I have a very large list of Movie Reviews. This is my schema sample...it's about 4000 rows, so there's a lot going on.
| MovieID | FreeformComment |
|---|---|
| 1234 | This was a great movie it made me happy |
| 5678 | This movie was bad, I hated it |
| 5678 | This movie was decent |
Below is my Python script - what it does is give me a total word count for all of the reviews, as well as another count of phrases to try and get more context...i.e. ('scary', 'loved') if they both loved the movie and it was scary. Or ('short', 'value') if the movie was too short and they did not feel they got their money's worth. The script writes a new Excel doc with the counts.
import pandas as pd
import nltk
from nltk.corpus import stopwords
from collections import Counter
import string
from nltk.util import ngrams
nltk.download('punkt')
nltk.download('stopwords')
lemmatizer = nltk.WordNetLemmatizer()
df = pd.read_excel('svydata.xlsx')
comments_df = df["Movie Review Comment"].astype(str)

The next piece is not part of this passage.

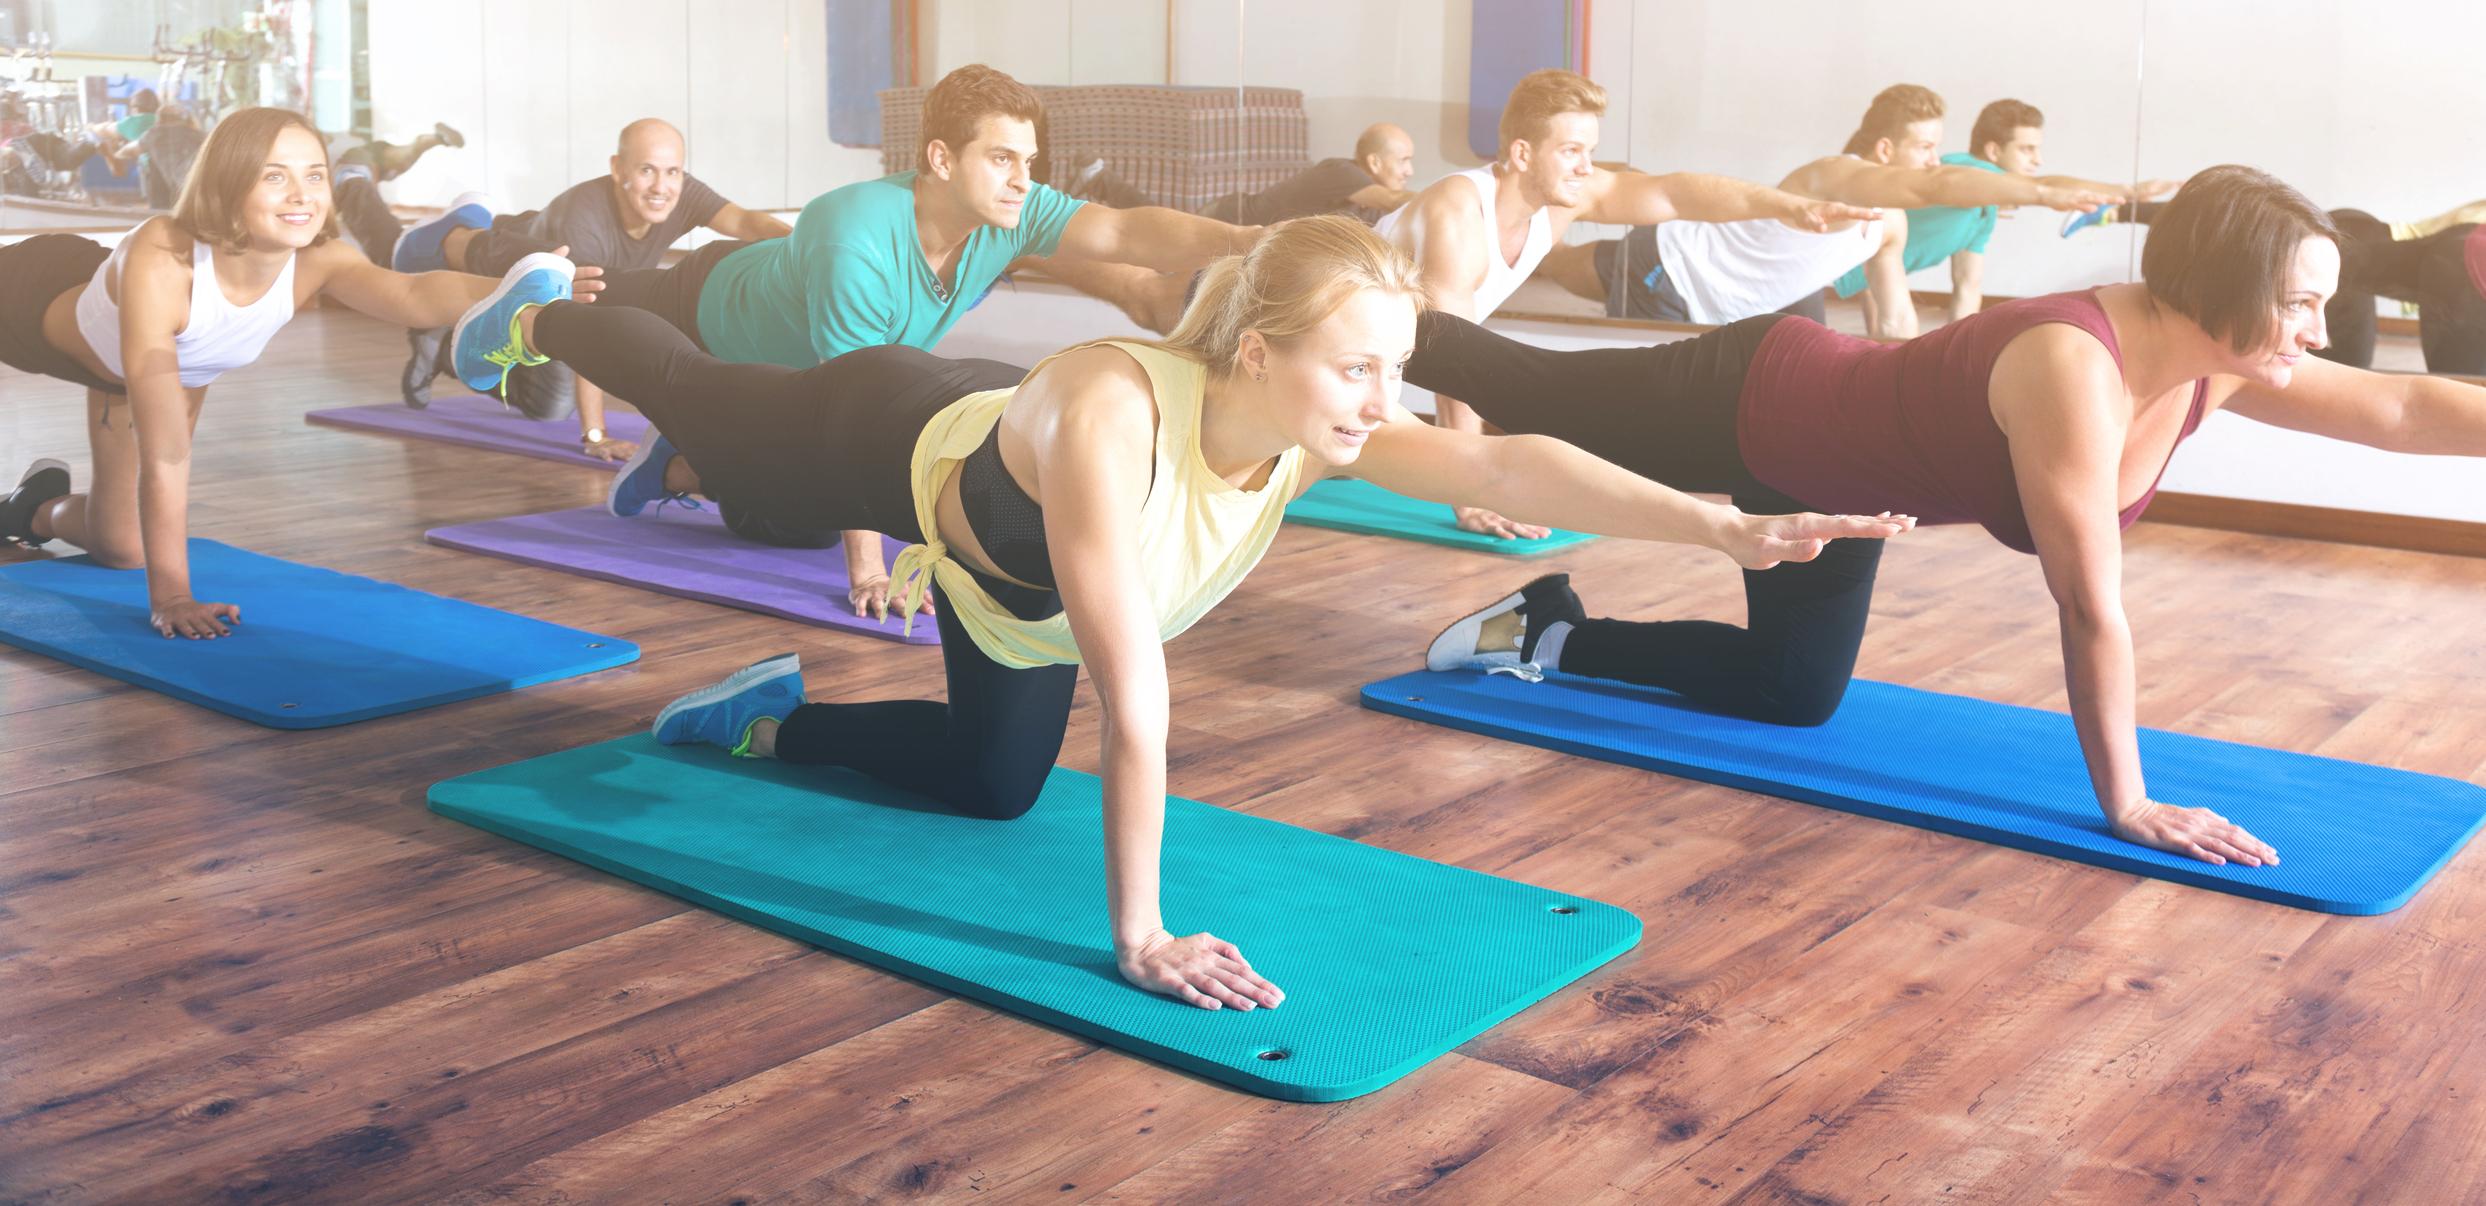 a886d61292bcc Yoga class pic.jpg

comments = ' '.join(comments_df)
tokenized_words = nltk.word_tokenize(comments)
translator = str.maketrans('', '', string.punctuation)
tokenized_words = [word.lower() for word in tokenized_words]
tokenized_words = [word.translate(translator) for word in tokenized_words]
stop_words = set(stopwords.words('english'))
filtered_words = [word for word in tokenized_words if word not in stop_words]
lemmatized_words = [lemmatizer.lemmatize(word) for word in filtered_words]
max_phrase_length = 3 # Adjust as needed
phrases = [phrase for n in range(2, max_phrase_length + 1) for phrase in ngrams(lemmatized_words, n)]
word_counter = Counter(lemmatized_words)
phrase_counter = Counter(phrases)
sorted_word_counter = sorted(word_counter.items(), key=lambda item: item[1], reverse=True)
sorted_phrase_counter = sorted(phrase_counter.items(), key=lambda item: item[1], reverse=True)
word_df = pd.DataFrame(sorted_word_counter, columns=['Word', 'Count'])
phrase_df = pd.DataFrame(sorted_phrase_counter, columns=['Phrase', 'Count'])
with pd.ExcelWriter('word_and_phrase_counts.xlsx', engine='xlsxwriter') as writer:
word_df.to_excel(writer, sheet_name='Top Words', index=False)
phrase_df.to_excel(writer, sheet_name='Top Phrases (2-5 words)', index=False)
The issue is I want to put this into a data visualization where I can select a Movie ID filter and then see the word count for only comments regarding that movie i.e. The most common word for movie 1234 was 'great' and the most common phrase was ('loved', 'acting'), or something like that.
The issue is I need to somehow join this based on the MovieID. There isn't really a clean way to do this that requires re-thinking the data architecture. But the data is so large, there aren't tons of options. I'm a beginner and have been trying to find ways around this - would anyone be able to point me in the right direction?
I've tried methods to join in Excel, but it's just not sustainable for dashboarding. I've tried methods to make it a matrix but there's too many words and too many reviews.